自然键带来的只有缺点:我想不出使用自然键有什么好处。

That said, I think hibernate has no real issues with natural (composed) keys. But you'll probably find some problems (or bugs) sometimes, and issues with the documentation or trying to get help, because the hibernate community widely acknowledges the benefits of surrogate keys. So, prepare a good answer for why you did choose a composite key.

也就是说,我认为 hibernate 对自然(组合)键没有真正的问题。但有时您可能会发现一些问题(或错误),以及文档问题或试图获得帮助,因为 hibernate 社区广泛承认代理键的好处。因此,请为您选择复合键的原因准备一个很好的答案。

回答by Sinvaldo Pacheco

If Hibernate documentation is properly understood:

如果正确理解 Hibernate 文档:

"There is an alternative <composite-id>declaration that Allows access to legacy data with composite keys. Its use is strongly discouraged for anything else."

“有一个替代<composite-id>声明,允许使用复合键访问遗留数据。强烈建议不要将其用于其他任何用途。”
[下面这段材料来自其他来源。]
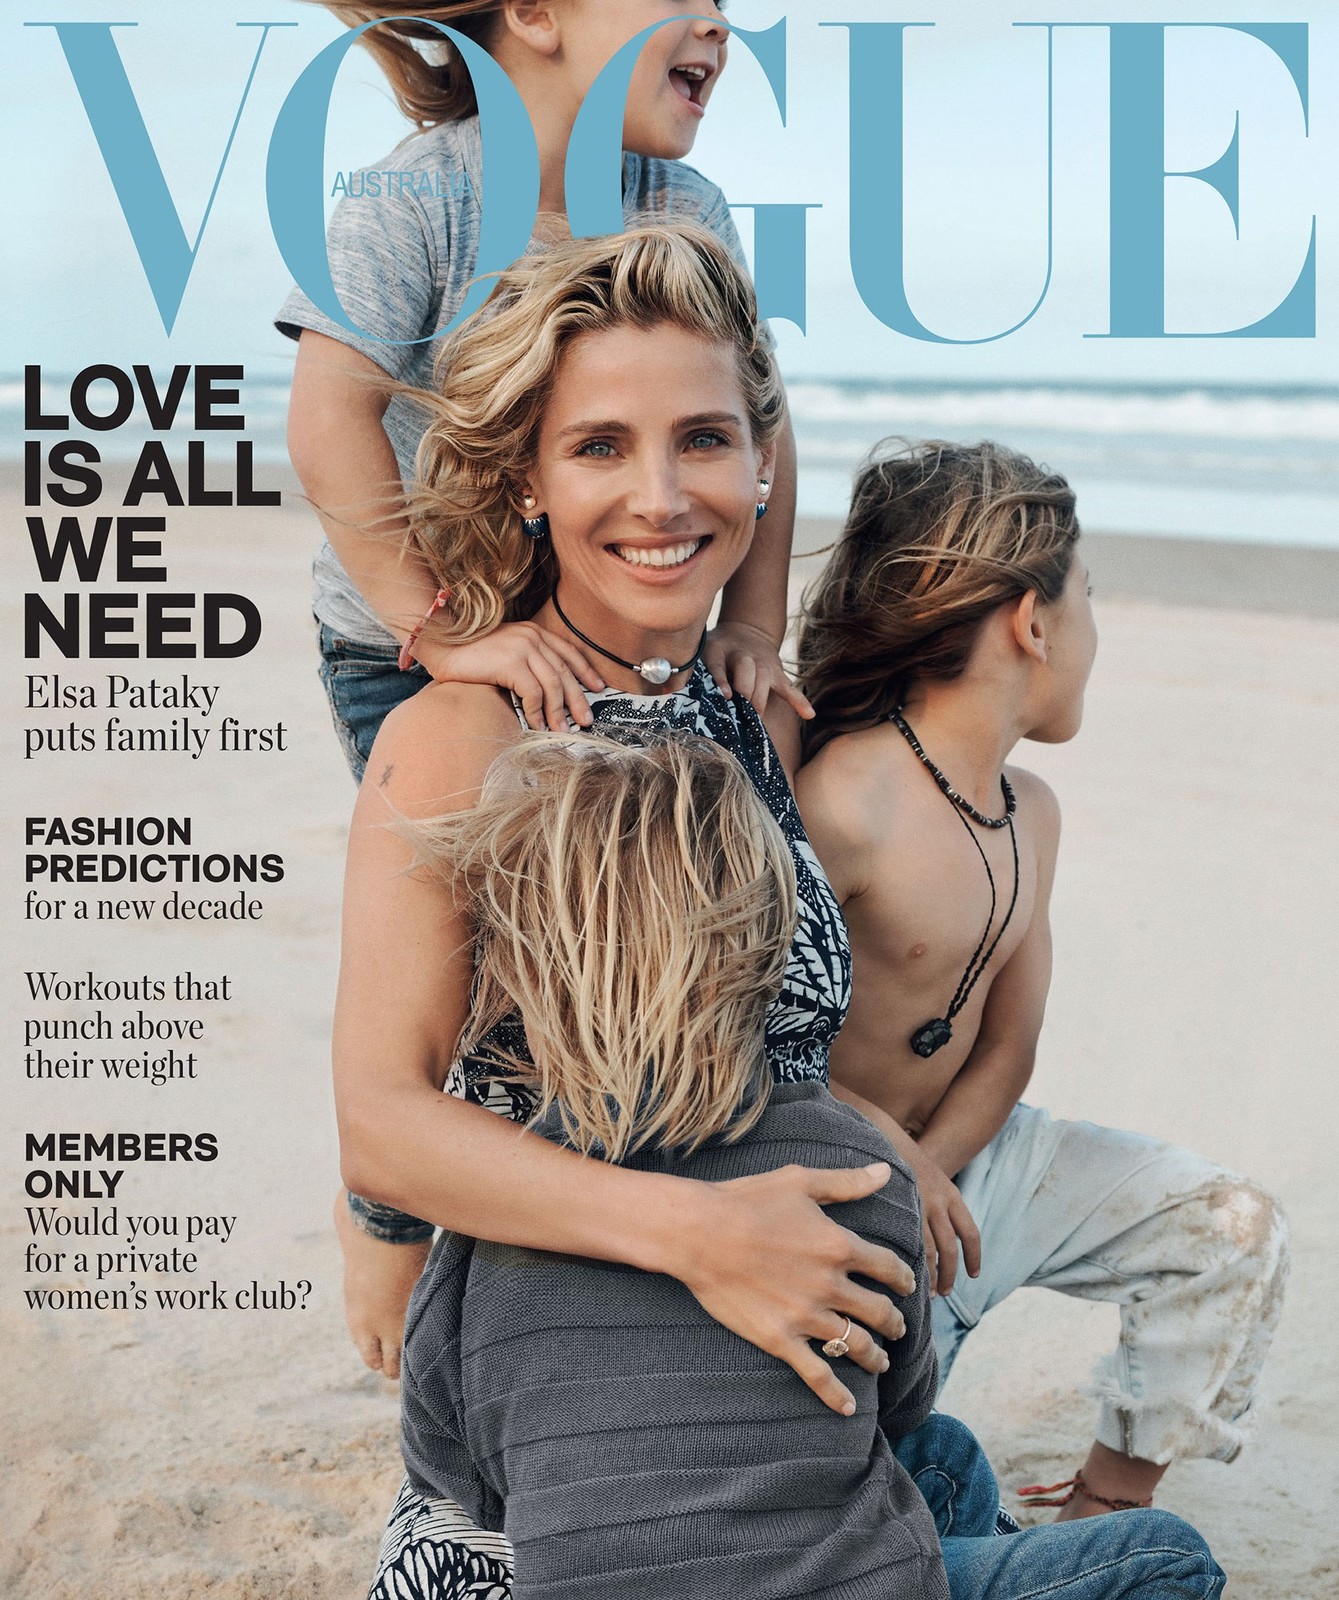 Vogue A Beautiful Life - Vogue Australia

on topic 5.1.4. id tag xml <id>which enables the primary key mapping made too soon we can conclude that the hibernate documentation discourages the use of <composite-id>instead of <id>xml tag for composite primary key mapping and NOTmake any reference negative to use composite primary keys.

关于主题 5.1.4。id 标签 xml<id>启用主键映射过早我们可以得出结论,休眠文档不鼓励使用xml 标签<composite-id>代替<id>复合主键映射,并且不会对使用复合主键进行任何否定引用。

回答by Nathan Teague

Applications developed with the database as a tool are definitely more beneficial to keep work flow on surrogate keys, using clustered indices for query optimization.
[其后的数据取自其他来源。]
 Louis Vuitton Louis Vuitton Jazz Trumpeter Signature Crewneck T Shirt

使用数据库作为工具开发的应用程序肯定更有利于保持代理键的工作流,使用聚集索引进行查询优化。

Special care does need to be made for Data Warehousing and OLAP style systems however, that utilize a massive Fact Table to tie surrogate keys of dimensions together. In this case the data dictates the dashboard/application that can be used to maintain records.

然而,确实需要特别注意数据仓库和 OLAP 风格的系统,它们利用大量的事实表将维度的代理键联系在一起。在这种情况下,数据指示可用于维护记录的仪表板/应用程序。

So instead of one method being preferable to another, perhaps it is one directive is advantageous to another, for key construction : You won't be developing a Hibernate app very easily to harness direct access to an SSAS system instance.

因此,与其说一种方法优于另一种方法,不如说一种指令优于另一种指令,对于密钥构造:您不会很容易地开发 Hibernate 应用程序来利用对 SSAS 系统实例的直接访问。

I develop using both key mixtures, and feel to implement a solid star or snowflake pattern a surrogate with clustered index is typically my first choice.

我使用这两种关键混合物进行开发,并且感觉要实现实心星形或雪花图案,具有聚集索引的代理通常是我的首选。

So, to the regards of the OP and others looking by: if you want to stay db invariant with your development (which Hibernate specializes in) -- utilize the surrogate method, and when data reads tend to slow, or you notice certain queries drain performance, revert to your specific database, and add composite, clustered indices that optimize query order.

所以,对于 OP 和其他人的看法:如果你想在你的开发中保持数据库不变(Hibernate 专门研究) - 使用代理方法,当数据读取趋于缓慢,或者你注意到某些查询耗尽时性能,恢复到您的特定数据库,并添加优化查询顺序的复合聚集索引。